The revamped setup features:
Modern workflow
csub.pywraps the run:ai CLI directly (no generated YAML files)- Simple CLI commands that you could type by hand
Security-first approach
- All personal data (UID/GID, tokens, SSH keys, W&B, HF, git identity) lives in a local
.envfile .envis never committed to git- Every submission syncs
.envinto a Kubernetes secret - Pods only read secrets at runtime
Clean runtime environment
- Based on the new RCP template
- Uses uv for Python package management
- Clean zsh setup
- Minimal symlink tree (only essential VS Code state)
Ephemeral secrets
- SSH keys are created on-the-fly for every pod from the secret payload
- Nothing sensitive is stored permanently on scratch
The Docker image (docker/Dockerfile) follows the RCP template:
| Component | Details |
|---|---|
| Base image | nvcr.io/nvidia/pytorch:24.02-py3 (CUDA 12, PyTorch pre-installed) |
| System packages | Build tools, git, zsh, ssh client, tmux, etc. |
| Python manager | uv installed system-wide at /usr/local/bin/uv |
| Entrypoint | Custom bootstrap script at docker/entrypoint.sh |
On every pod start, entrypoint.sh performs these steps:
Action: Checks for required environment variables
- If missing (
NB_USER,NB_UID,NB_GROUP,NB_GID,SCRATCH_HOME_ROOT,WORKING_DIR): Logs warning and executes command as root - If present (always when using
csub.py): Proceeds with full bootstrap
Action: Creates your EPFL identity inside the container
- Ensures group with GID
NB_GIDand nameNB_GROUPexists - Ensures user with UID
NB_UIDand nameNB_USERexists - Configures:
- Shell:
/bin/zsh - Home:
/home/${NB_USER} - Groups:
sudo,adm - Sudo: Passwordless
- Shell:
Result: Files created on /mloscratch show up with your real EPFL UID/GID
Action: Sets up persistent storage with correct permissions
- Computes:
SCRATCH_HOME="${SCRATCH_HOME_ROOT}/${NB_USER}" - Sets umask:
umask 007(group-writable, no world access) - Creates and configures:
SCRATCH_HOME: Your persistent home (/mloscratch/homes/<username>)WORKING_DIR: Where commands executeHF_HOME: Shared Hugging Face cache (/mloscratch/hf_cache)

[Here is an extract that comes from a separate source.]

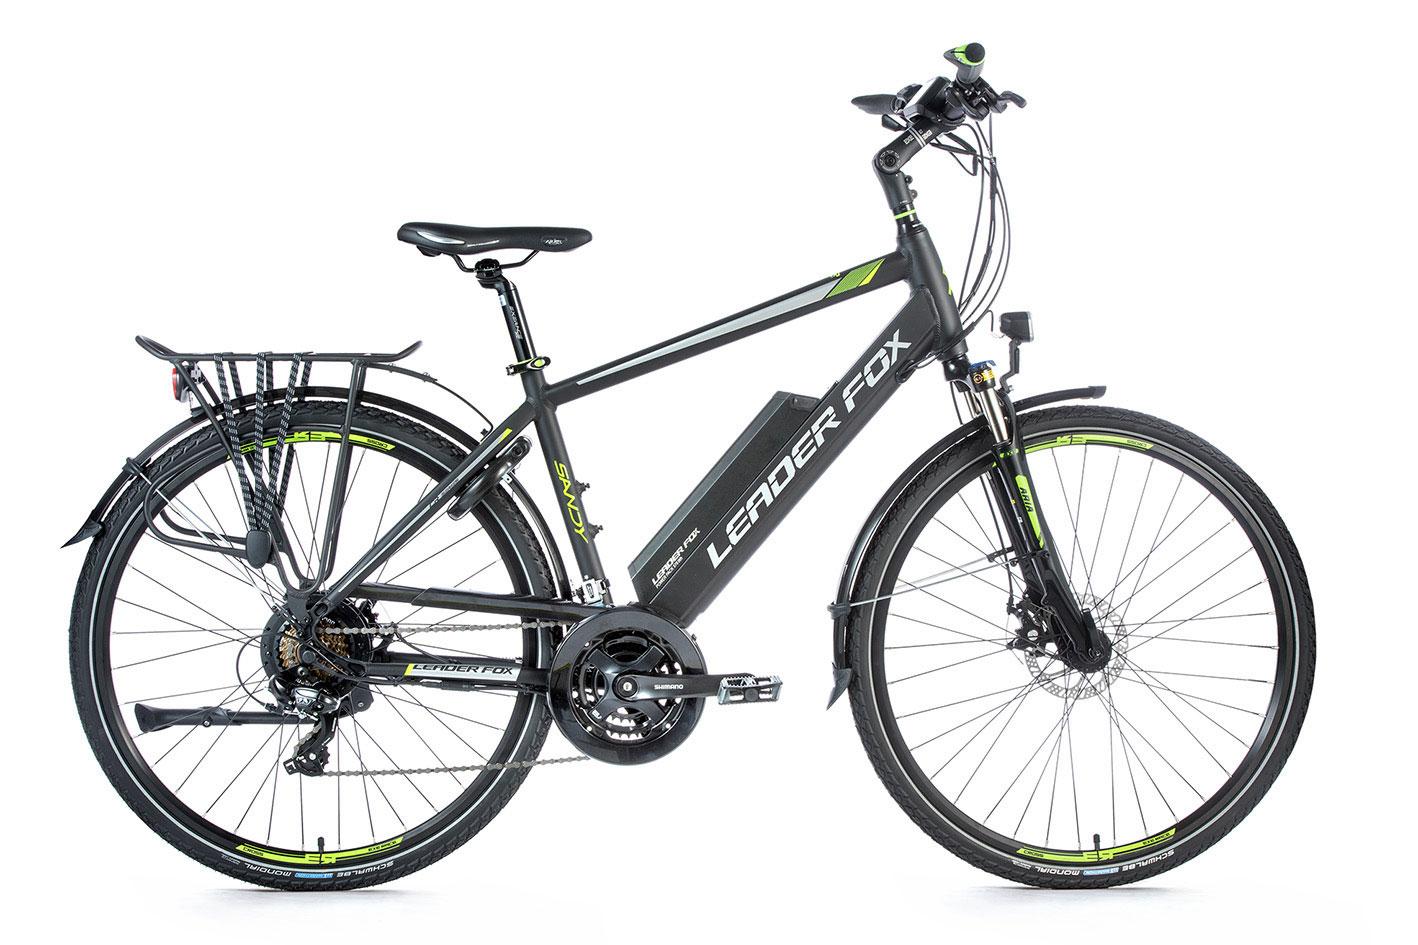 Bicicleta electrica trekking Leader Fox Sandy Gent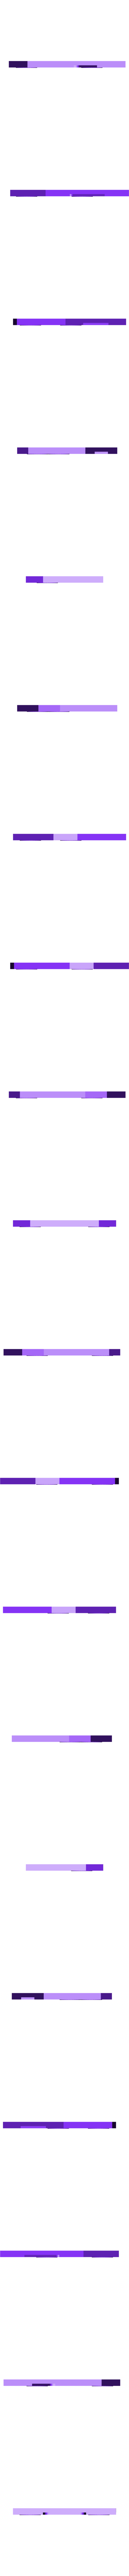 bottom lockplate.stl Download free STL file Fortnite Chest  • 3D print template, blecheimer

NFS workaround: Because NFS is root-squashed, the script impersonates a "scratch seed" user (mljaggi-admin) to create directories with chmod 770. This ensures:
- Directories are writable by the
MLO-unitgroup (GID 83070) - No world-readable access
Action: Configures persistent shell environment
- Creates:
${SCRATCH_HOME}/.shell/ - Copies (first run only): oh-my-zsh and
.zshrcfrom/docker - Configures environment:
ZDOTDIR:${SCRATCH_HOME}/.shellZSH: oh-my-zsh folder path- History:
${SCRATCH_HOME}/.zsh_history - Git config:
${SCRATCH_HOME}/.gitconfig
- Symlinks to
/home/${NB_USER}for compatibility
Action: Links only essential state from scratch to home
Symlinks from SCRATCH_HOME to /home/${NB_USER}:
.zsh_history(file).vscode(directory).vscode-server(directory)
Everything else in /home/${NB_USER} is ephemeral.
Action: Re-creates SSH keys from secrets on every pod start
- Removes and recreates
/home/${NB_USER}/.ssh(mode0700) - Decodes
SSH_PRIVATE_KEY_B64→id_rsa(mode0600) - Writes
SSH_PUBLIC_KEY→id_rsa.pub(mode0644) - Writes
SSH_KNOWN_HOSTS→known_hosts(mode0644) - Unsets
SSH_PRIVATE_KEY_B64variable
Security: No sensitive SSH material is ever stored on scratch.
Action: Configures persistent Python package caches
- Sets
UV_CACHE_DIR="${SCRATCH_HOME}/.cache/uv" - Sets
UV_PYTHON_INSTALL_DIR="${SCRATCH_HOME}/.uv" - Creates directories as LDAP user
Result: uv-managed Python toolchains survive across pods.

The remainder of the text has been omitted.